Start of Block

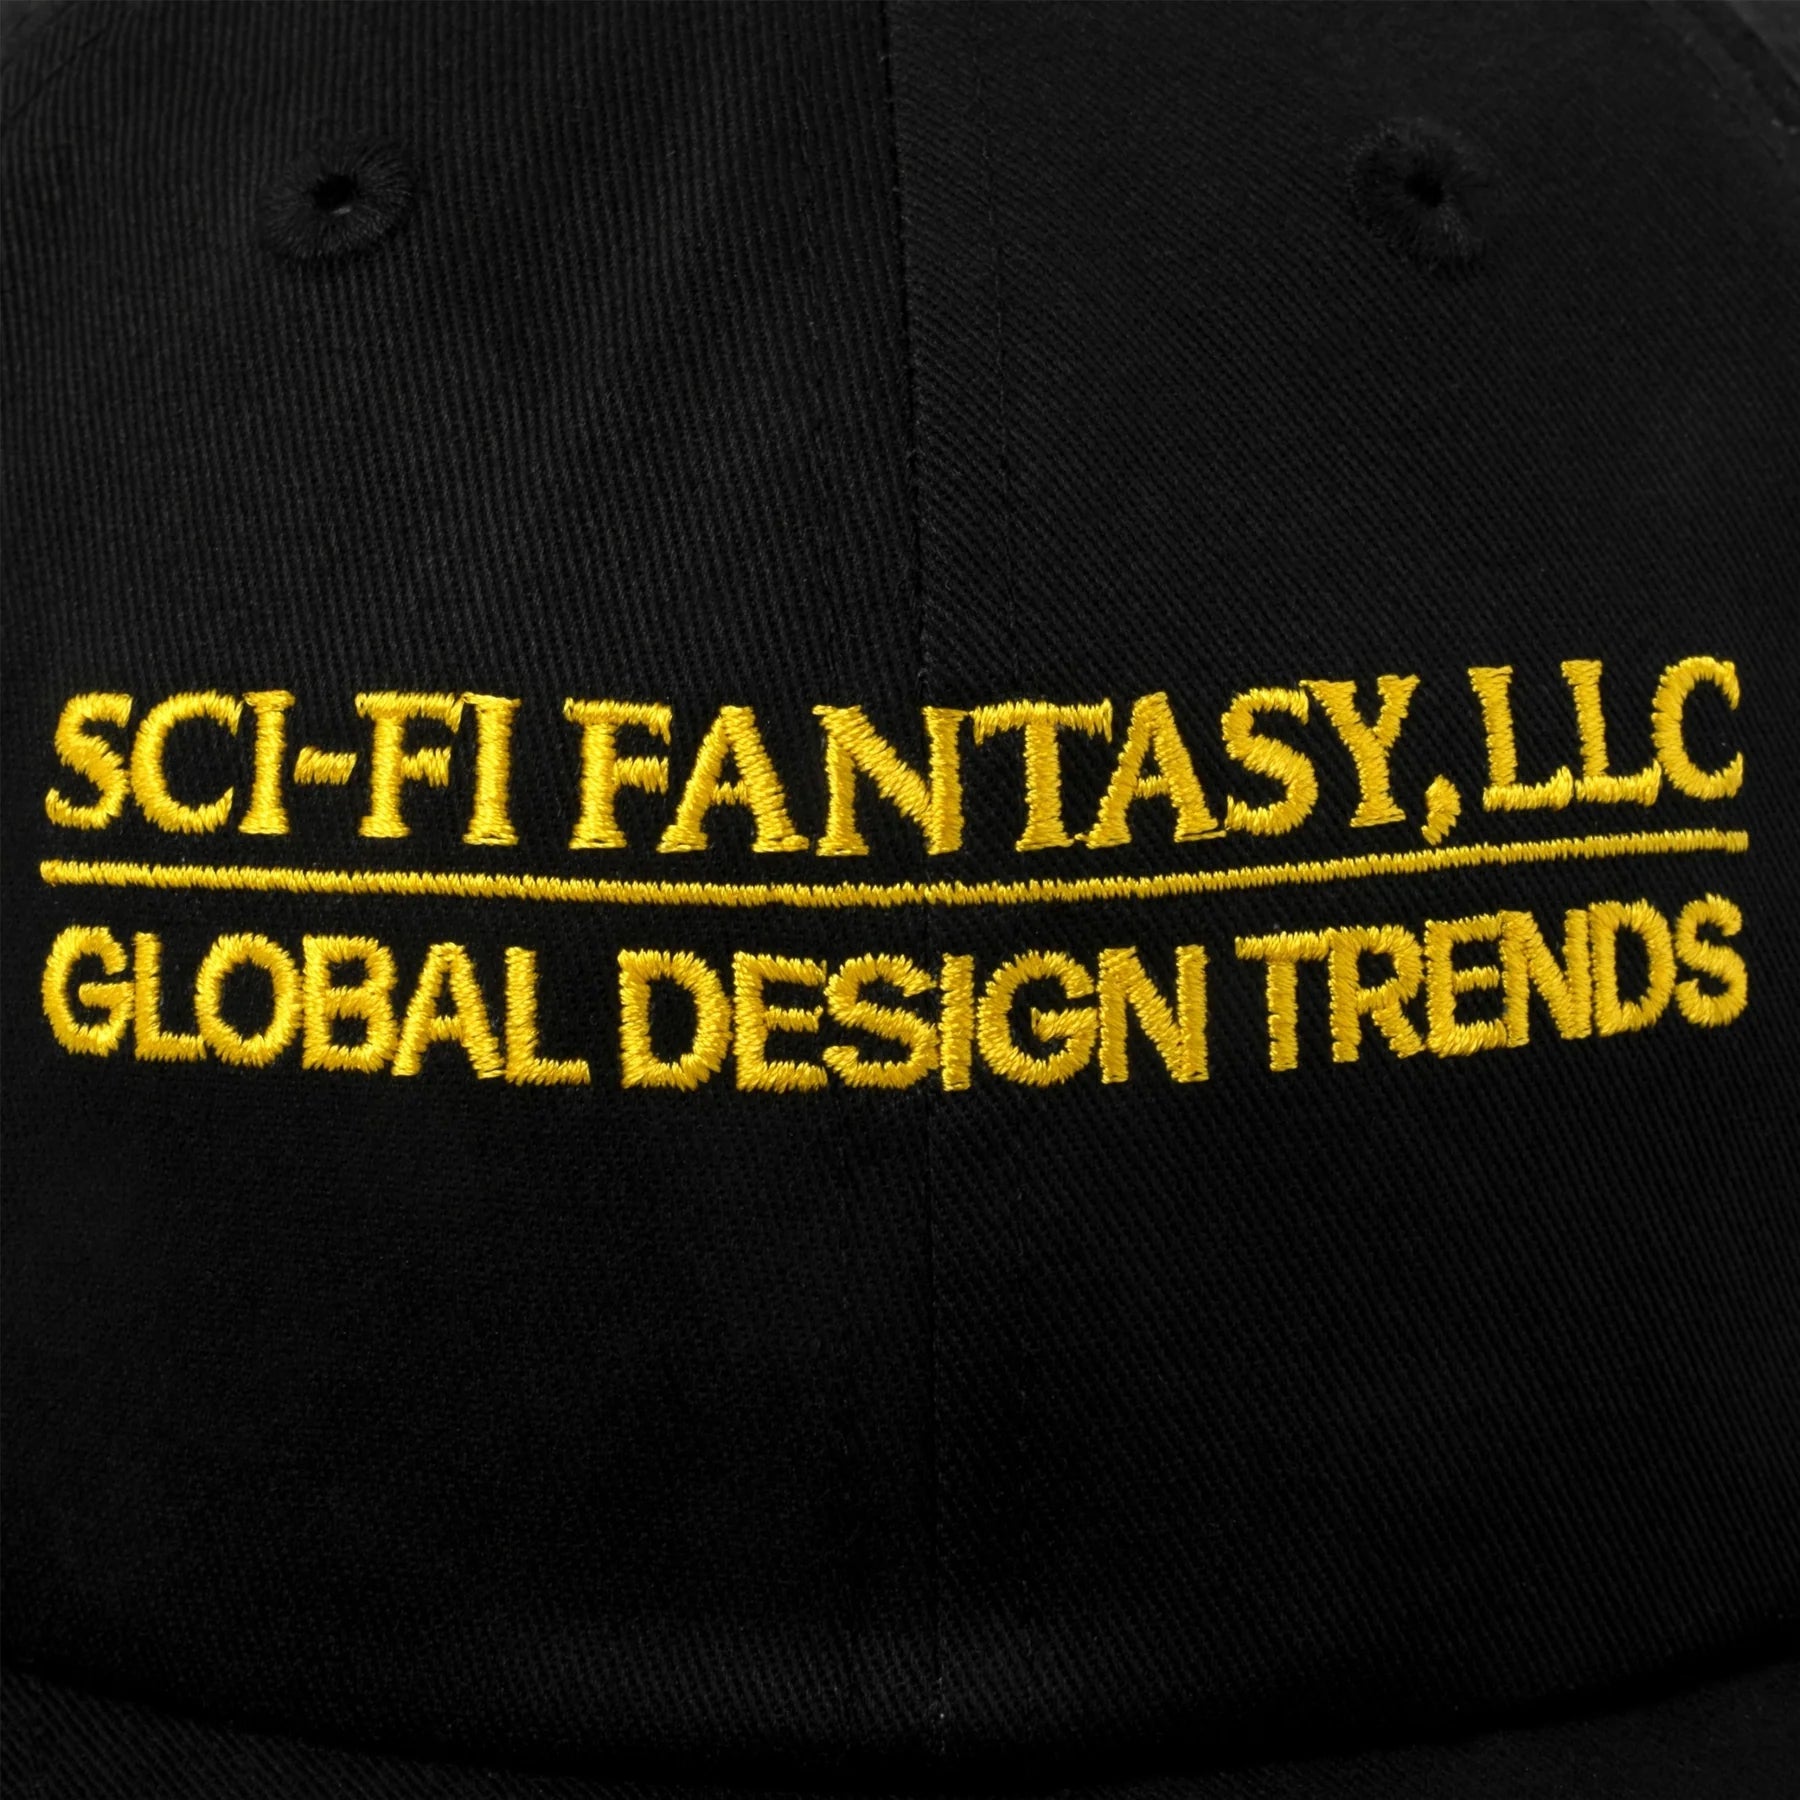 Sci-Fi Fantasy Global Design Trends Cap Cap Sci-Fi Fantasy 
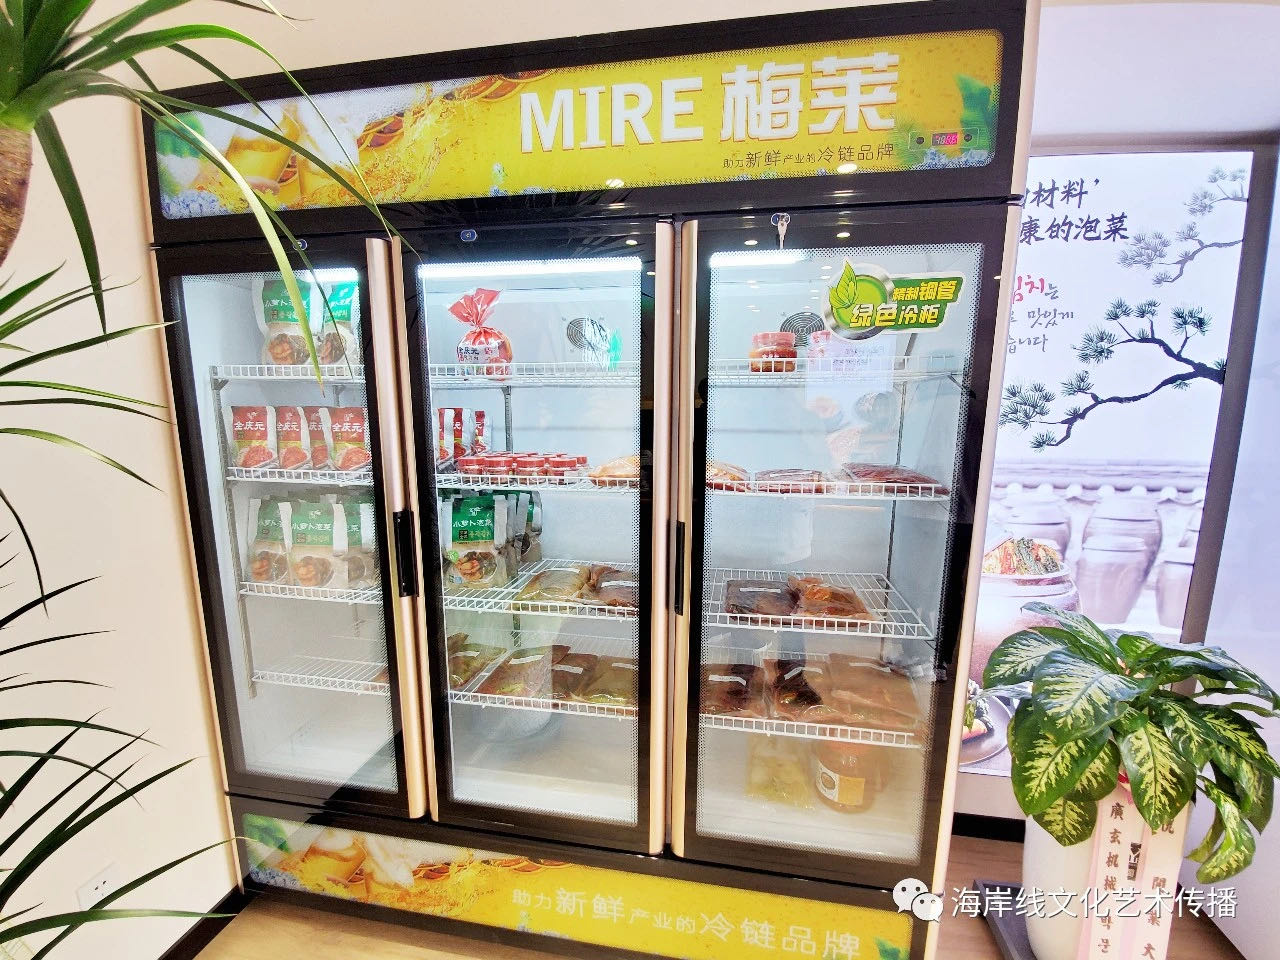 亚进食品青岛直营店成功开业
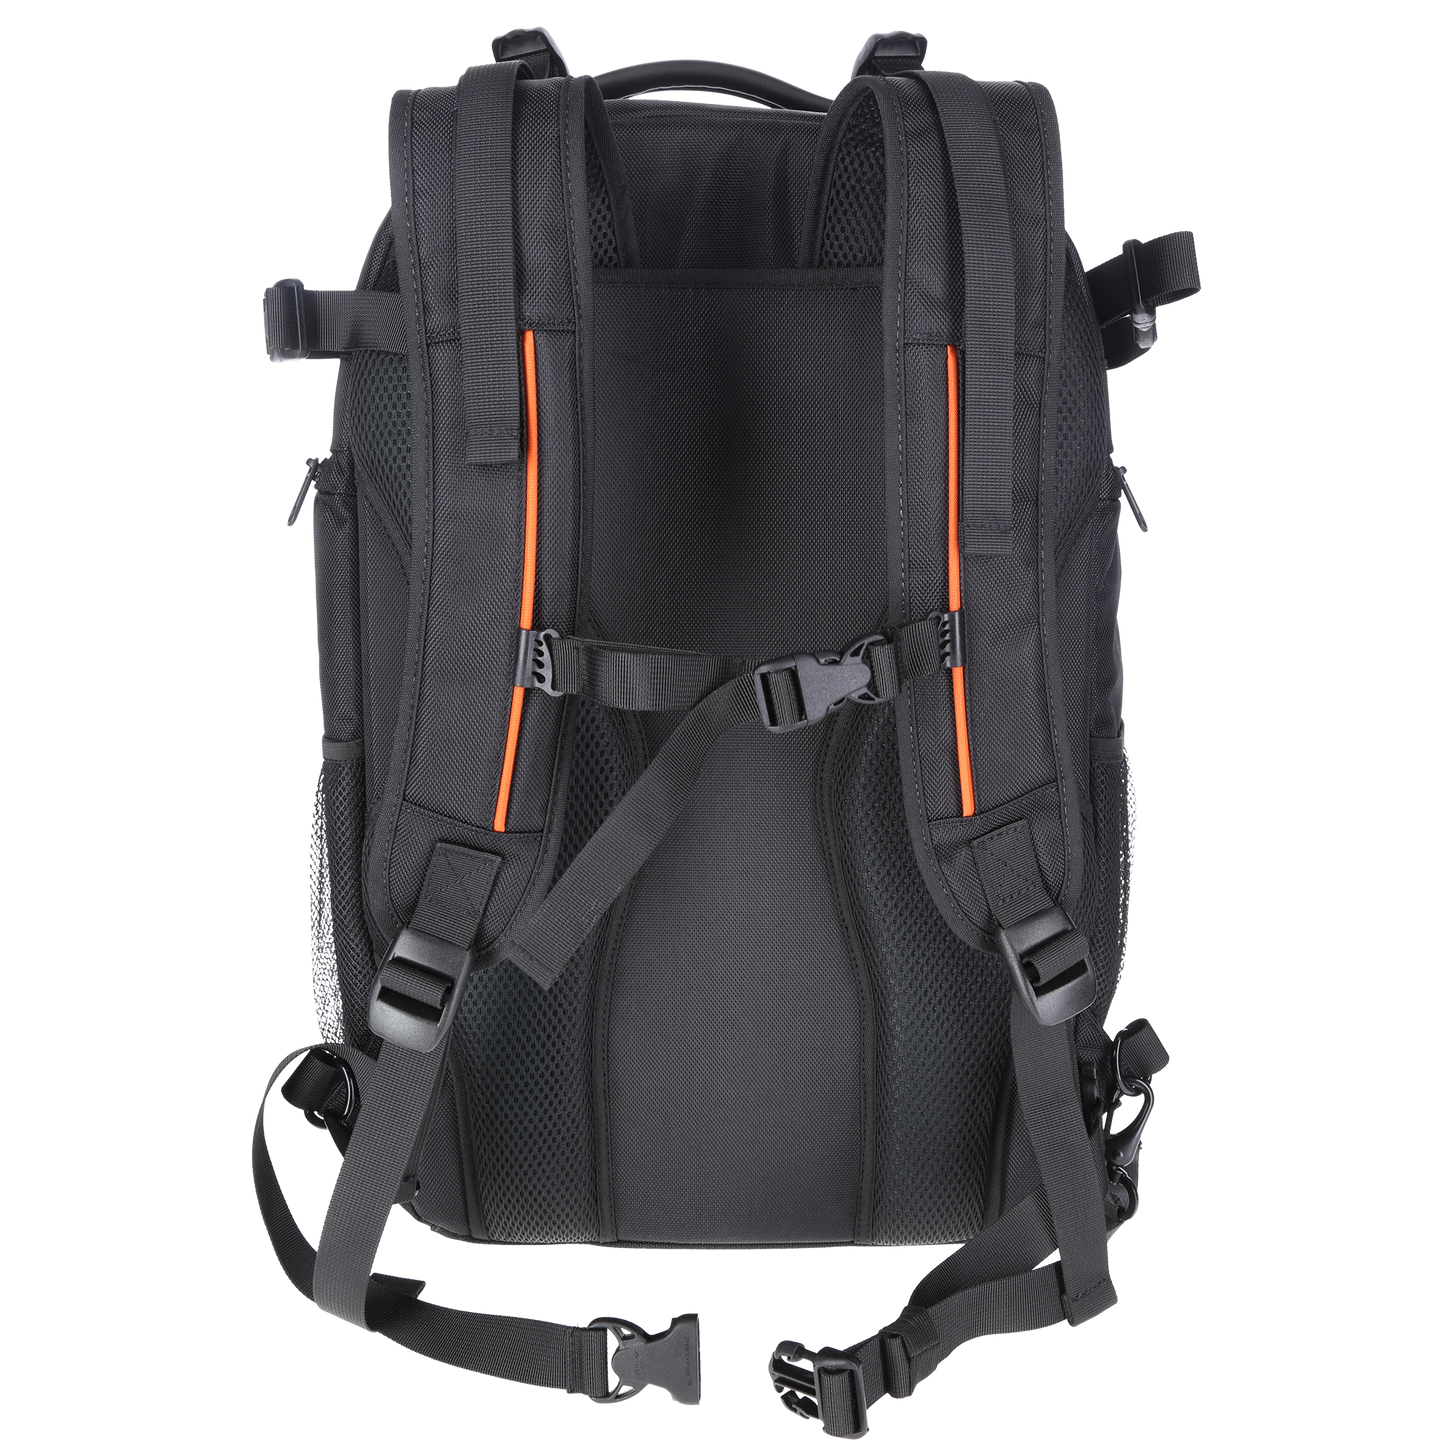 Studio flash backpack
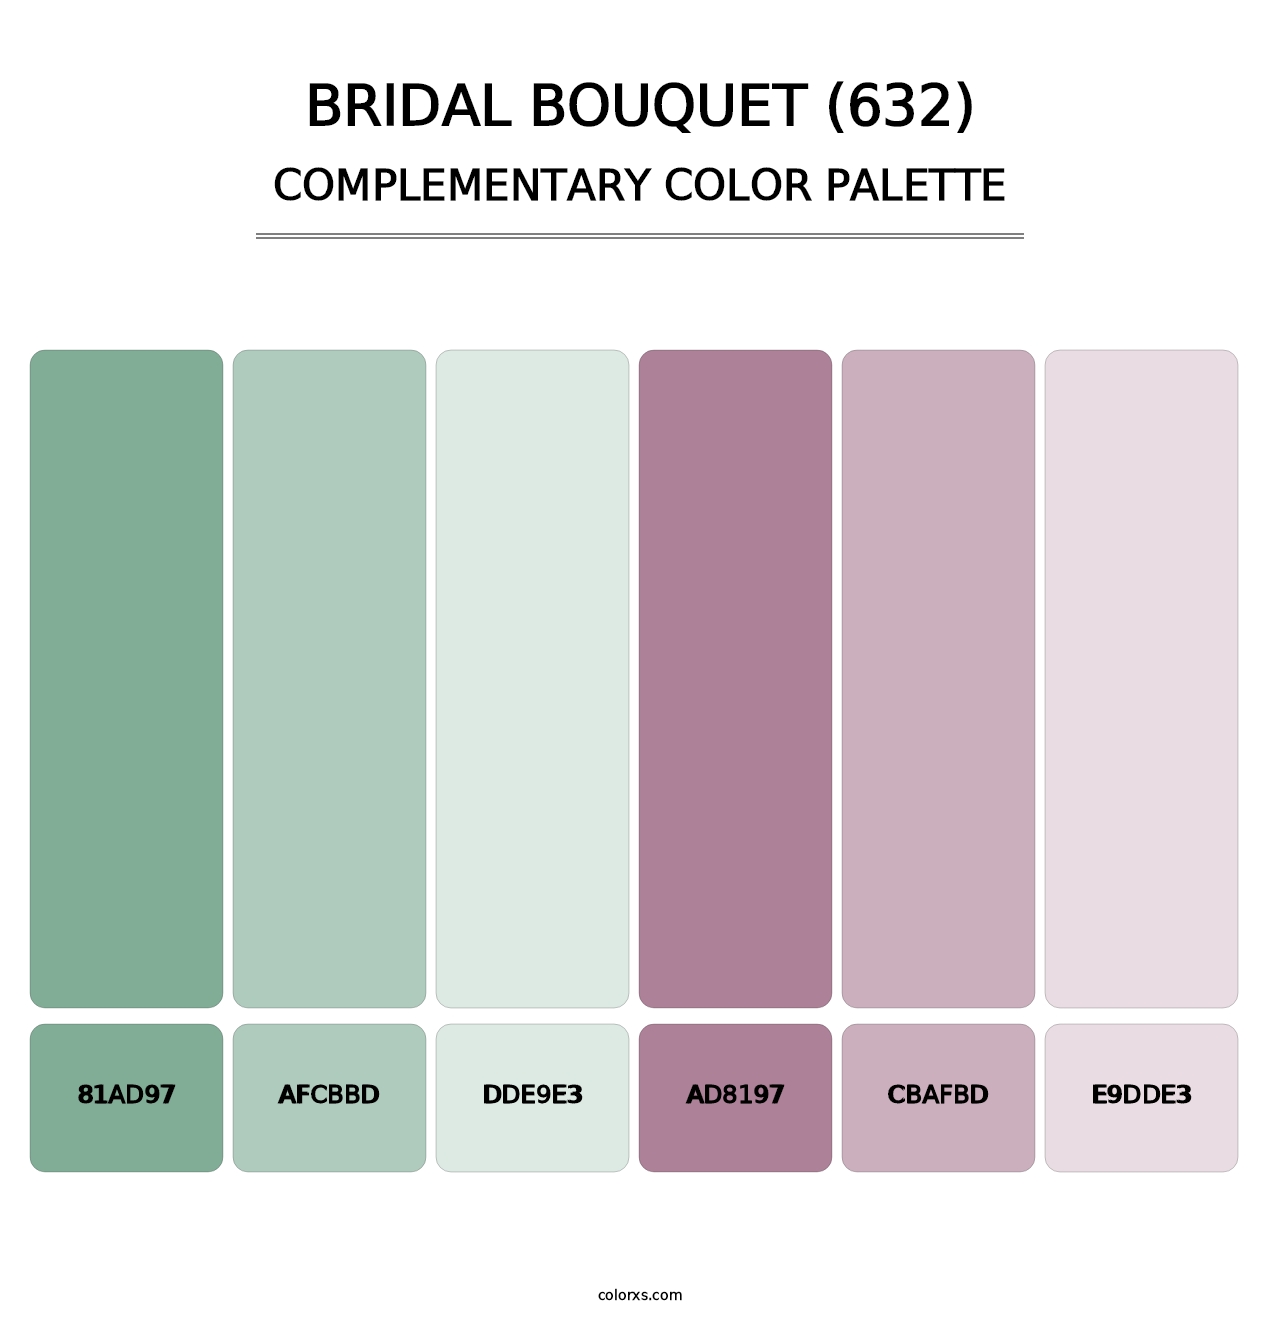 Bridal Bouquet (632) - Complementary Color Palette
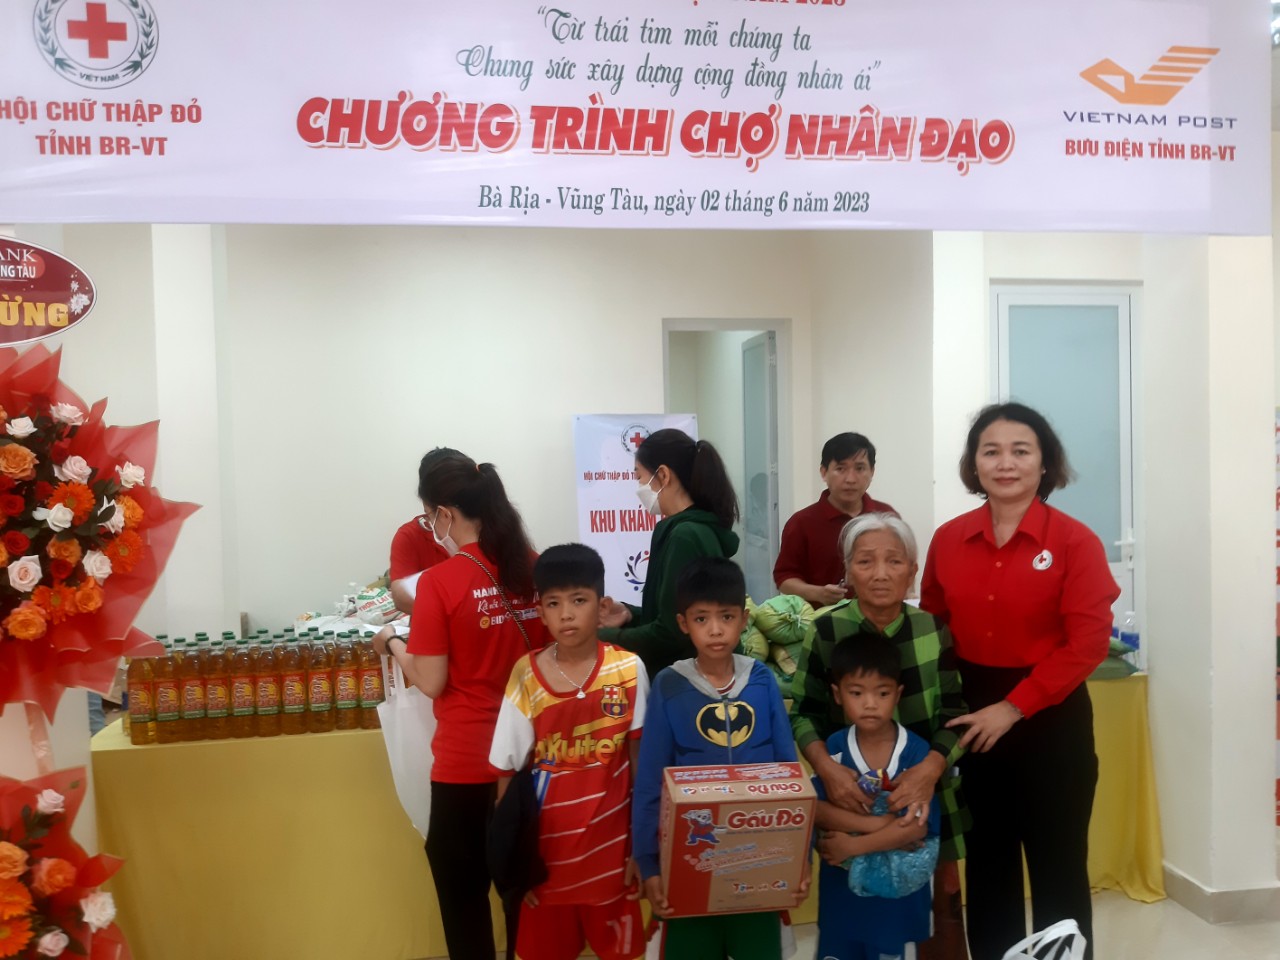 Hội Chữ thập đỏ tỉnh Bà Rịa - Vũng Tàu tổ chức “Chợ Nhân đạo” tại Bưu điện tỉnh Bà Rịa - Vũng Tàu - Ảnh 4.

End of Block

> **About this exercise**
The data is to be restated word for word, with any pictures set aside.

> **Response to the exercise**
 Sci-Fi Fantasy Global Design Trends Cap Cap Sci-Fi Fantasy 
 亚进食品青岛直营店成功开业
 Studio flash backpack
 Bridal Bouquet (632) - Complementary Color Palette
 Hội Chữ thập đỏ tỉnh Bà Rịa - Vũng Tàu tổ chức “Chợ Nhân đạo” tại Bưu điện tỉnh Bà Rịa - Vũng Tàu - Ảnh 4.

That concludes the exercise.